The quality engineer is a role that can fully pay attention to all aspects of product quality, and it is also a role that promotes other roles to pay attention to quality in an all-round way.

In the past three years, I have done more to comprehensively control technical risks in terms of business, development, architecture, operation and maintenance, and security. Technical risk control is responsible for the company's business, not only if there is no problem with the function, it is OK. I have a more comprehensive summary in a 2015 sharing of e-commerce promotion technical guarantees. Here I will mainly talk about quality-related control work today.

So what aspects are involved in quality management? We will not discuss it from academic theory for the time being. Based on my experience in Internet quality management over the past ten years, I concluded that the quality management of Internet applications mainly involves release management, change management, risk management, defect management, These aspects of configuration management. From the quality assurance panorama to be discussed later, you can also see my point of view.

Talking about the Quality Management of Massive Platforms

2. Thinking, Challenges, Trends


Let's first take a look at what challenges the quality of the Internet system faces.

First, from a system perspective, it is a test of massive business access.

For the core business, the importance needless to say, once an error occurs, even a few minutes, it may be a direct capital loss of several million at every turn. At the same time, businesses that don't seem to be on the main path, such as some modules that can reflect their own characteristics and differences in user experience, increase user stickiness, or those that can drive the conversion and growth of the main business.

These business modules have errors. Looking at the company’s entire business market, there is only a 1% error rate. In fact, it affects tens of thousands to hundreds of thousands of DAUs. If you add the amplification of the peak factor, the number of users will be very huge. .

I call these long-tail business guarantee points. Therefore, whether it is the core business or the long-tail business, it affects the performance of a certain part of the company's business and products.

For the R&D team, especially the quality team, the probability of 1% cannot be ignored. This is where the traditional "Twenty-eight Principles" cannot guide us. This is the pressure and challenge brought by mass services to quality assurance. This is also the inevitable trend of the software development industry in the future.

Talking about the Quality Management of Massive Platforms

Second, from a business perspective. Last year, JD.com proposed the "***retail" strategy. The new business model is also a new challenge for the R&D team.

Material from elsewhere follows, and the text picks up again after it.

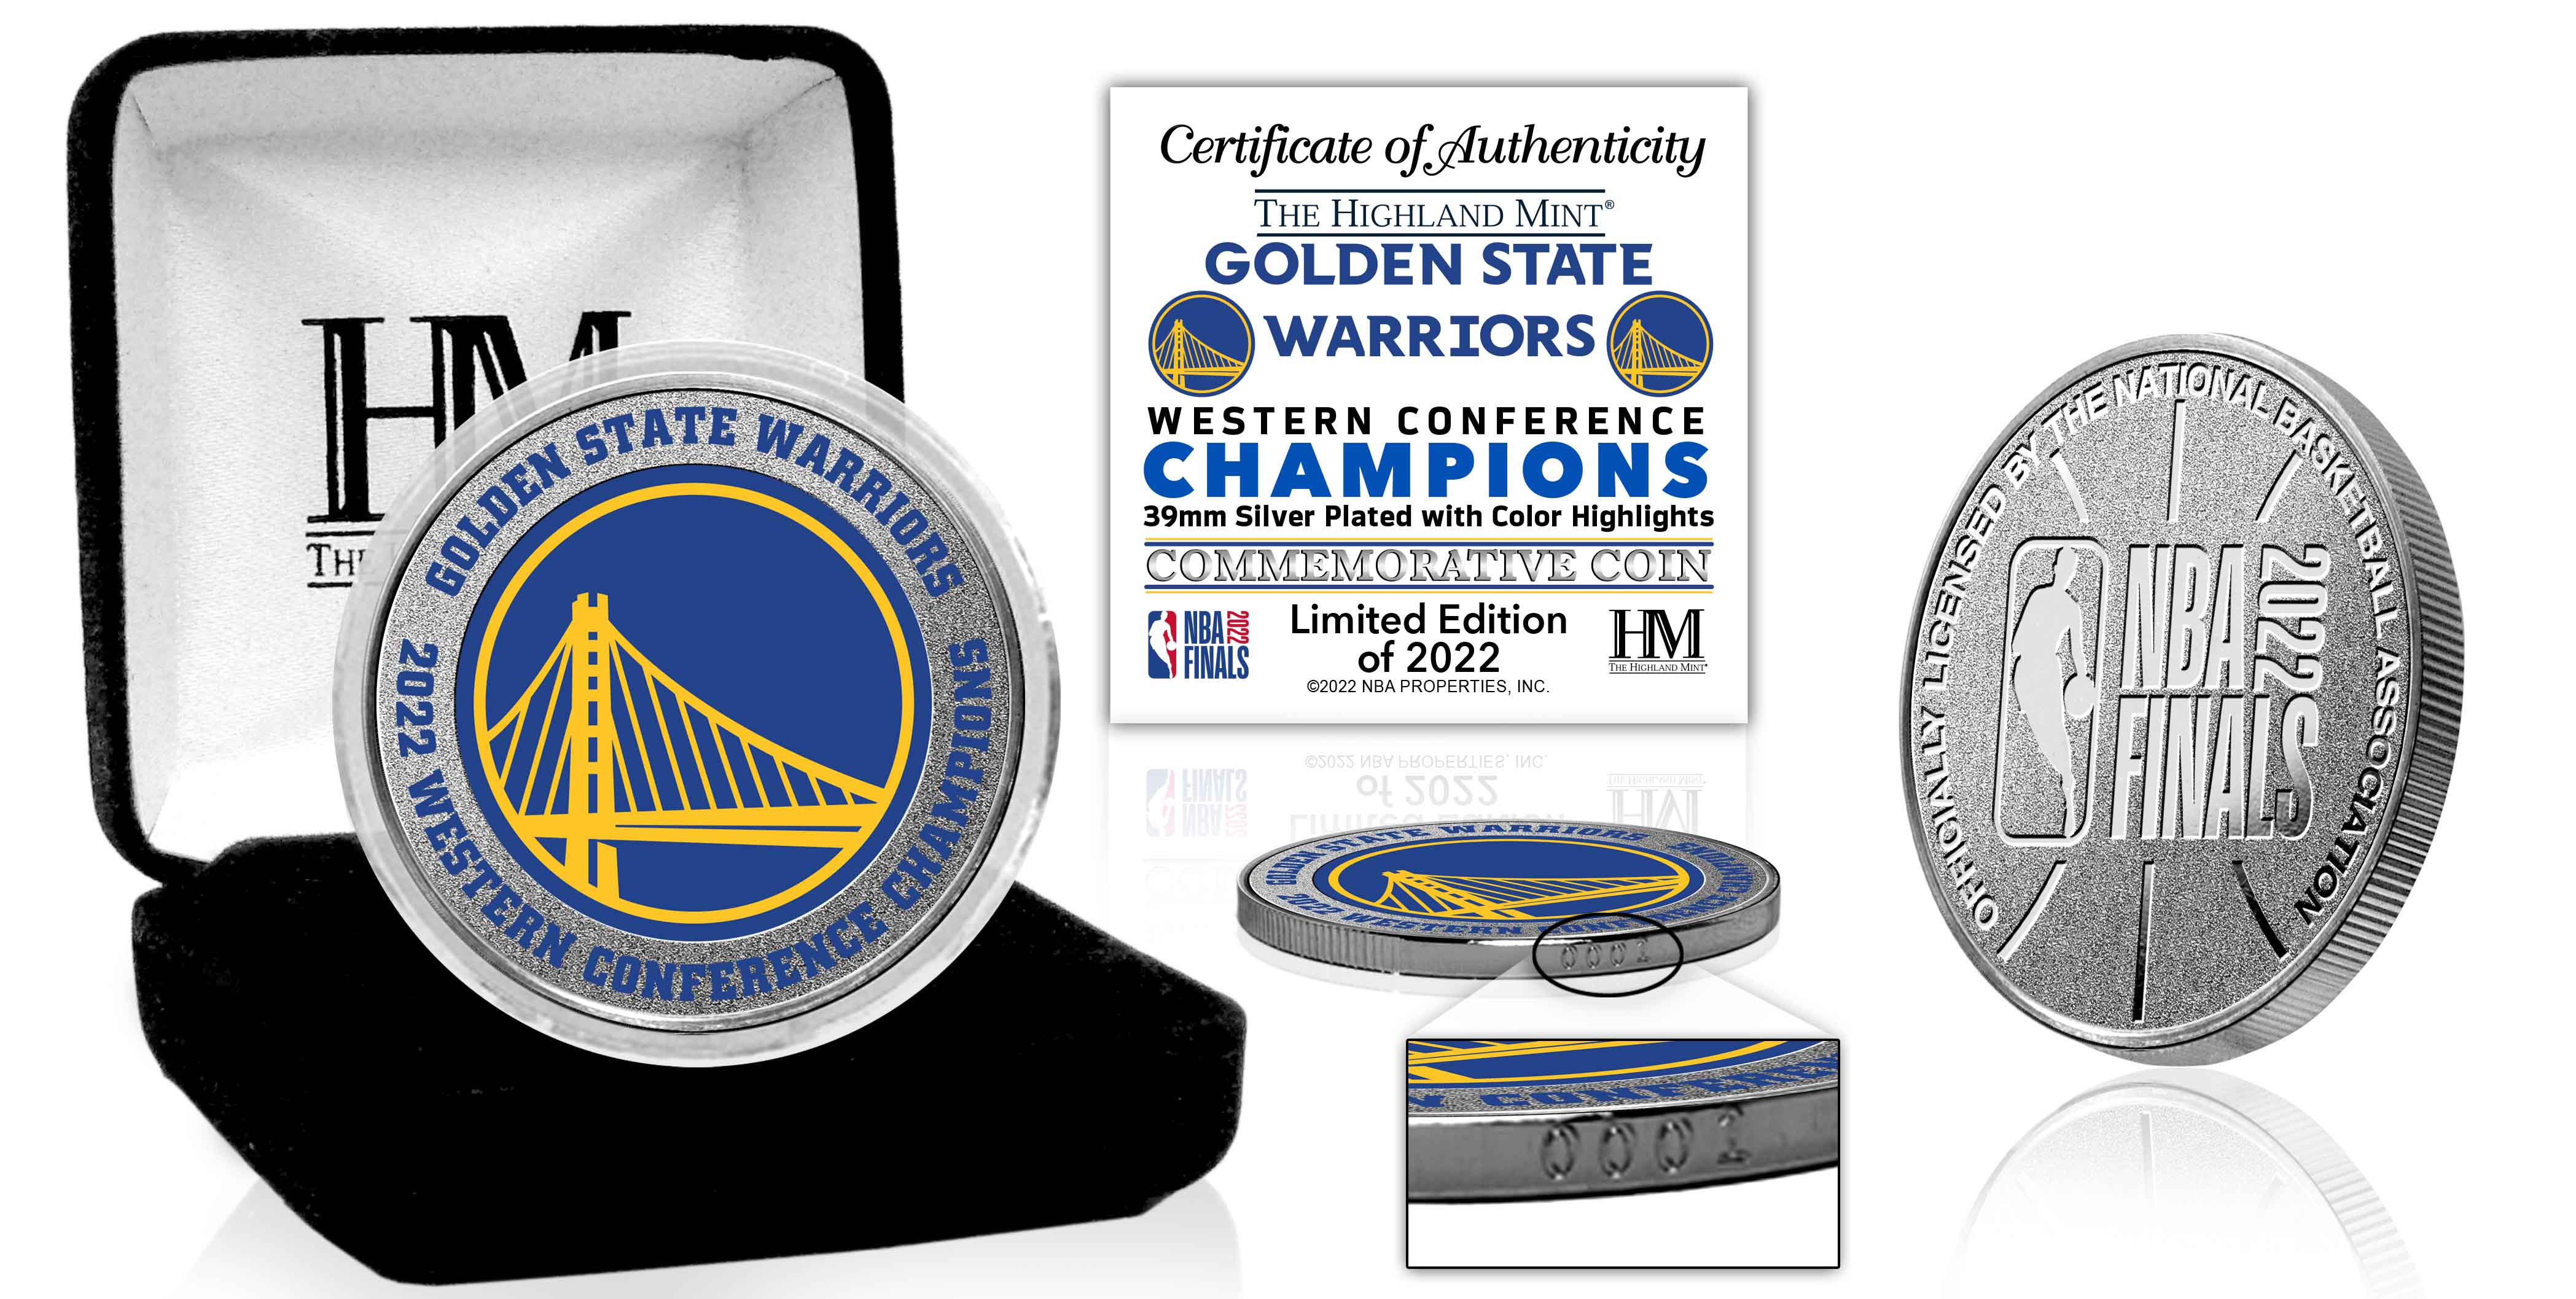 Golden State Warriors Western Conference Champions Color Silver Mint Coin
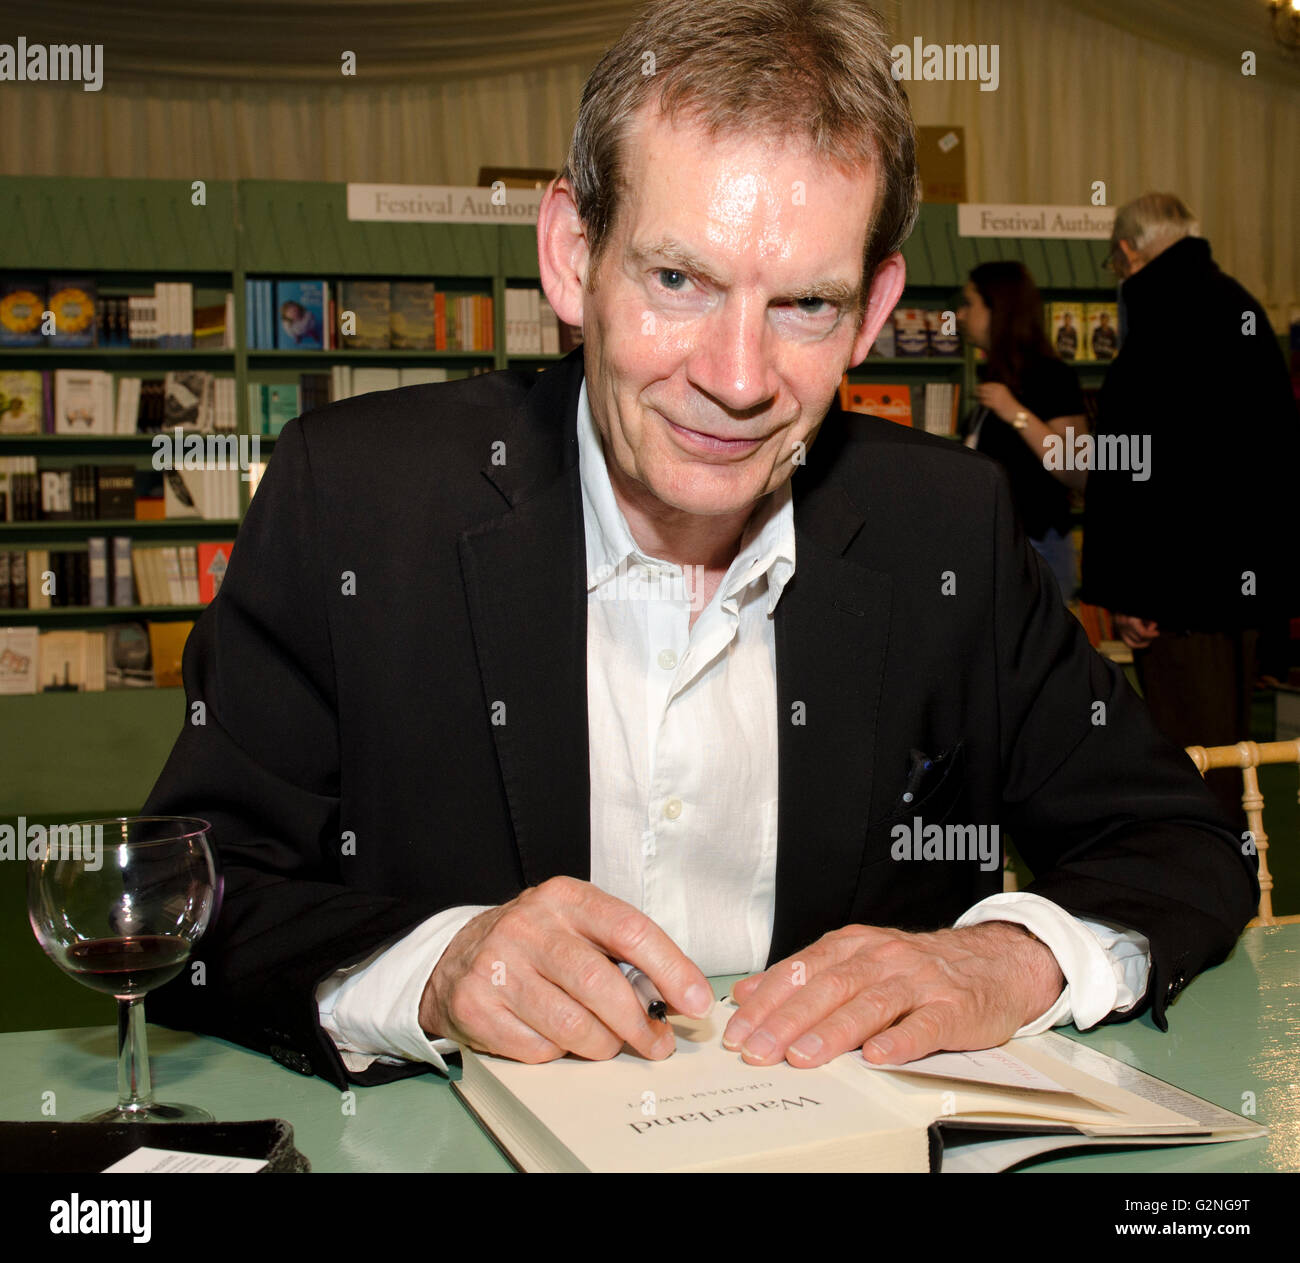 Graham Swift, novelist, author of Waterland and Man Booker prize winner 1996 for Last Orders, signing new novel Mothering Sunday Stock Photo

  • First of all, its business needs come from a variety of users, including internal companies, external merchants, and online customers...

  • Second, under the huge volume, the business will continue to grow rapidly;

  • Third, in terms of technical complexity, the terminal that carries services is not only the main APP, but also WeChat, QQ, mini programs, and extended other APP products. The rise of the intelligent Internet of Things has allowed software products to develop from the mobile phone terminal to other terminals, such as refrigerators, speakers, TVs, and so on.

  • At the same time, in terms of engineering efficiency, higher requirements are put forward for agile implementation: business response and delivery must be fast, while quality and experience must be guaranteed.

  • In addition, the scale of research and development of thousands of people means that there are a large number of departments working together, so the requirements for collaborative efficiency are also high.

    As you can see, there are actually many conflicts here. Sometimes in order to catch up with the schedule and go online, you have to sacrifice a little quality, and sometimes there are efficiency problems in cross-departmental communication and the schedule cycle is very tight. So this is a very difficult thing.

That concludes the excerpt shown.